# Oktoberfest Sale!!!



## CEM Store (Oct 1, 2012)

* Oktoberfest Sale!!**

25% OFF - STORE-WIDE SALE! *

* It doesnt end there. We have set up an additional discount code for IronMagazineForums members: IM7 . This code will get you an additional 7% off your order!

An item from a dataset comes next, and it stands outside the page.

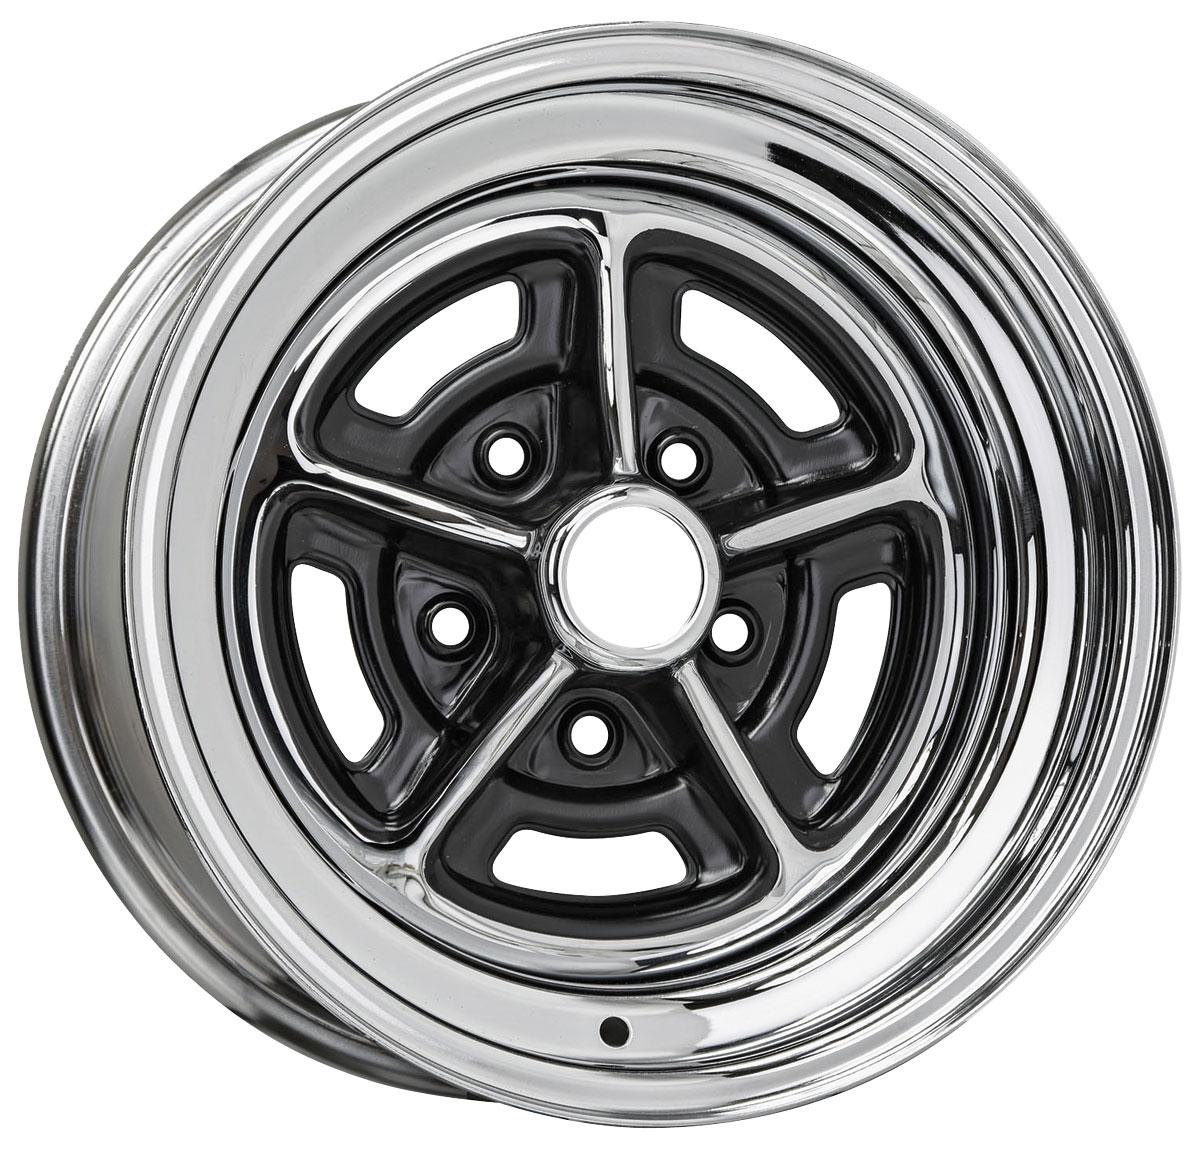 "Wheel, Buick Rally, 14X6, 3-1/2"" Back Spacing"

IronMagazineForums  members get 32% off all their CEM purchases!!
The "IM7" discount code is a limited time offer - get while the getting is good!!*

*Happy Oktoberfest!!*


*CEM*


----------



## CEM Store (Oct 1, 2012)

Use IM7 for an additional 7% off your total!


----------



## CEM Store (Oct 2, 2012)

CEM Store said:


> * Oktoberfest Sale!!**
> 
> 25% OFF - STORE-WIDE SALE! *
> 
> ...


Entire store is marked down 25% and for a limited time IM7 will get you an additional 7% off your total.


----------



## CEM Store (Oct 2, 2012)

CEM Store said:


> * Oktoberfest Sale!!**
> 
> 25% OFF - STORE-WIDE SALE! *
> 
> ...


Get to the store now!


----------



## CEM Store (Oct 3, 2012)

IM7 is only good until October 20th so get over to the store now and stock up!


----------



## CEM Store (Oct 4, 2012)

Stock up!


----------



## Jimmyinkedup (Oct 5, 2012)

Bump for a solid company.


----------



## CEM Store (Oct 5, 2012)

* Oktoberfest Sale!!**

25% OFF - STORE-WIDE SALE! *

* It doesnt end there. We have set up an additional discount code for IronMagazineForums members: IM7 . This code will get you an additional 7% off your order!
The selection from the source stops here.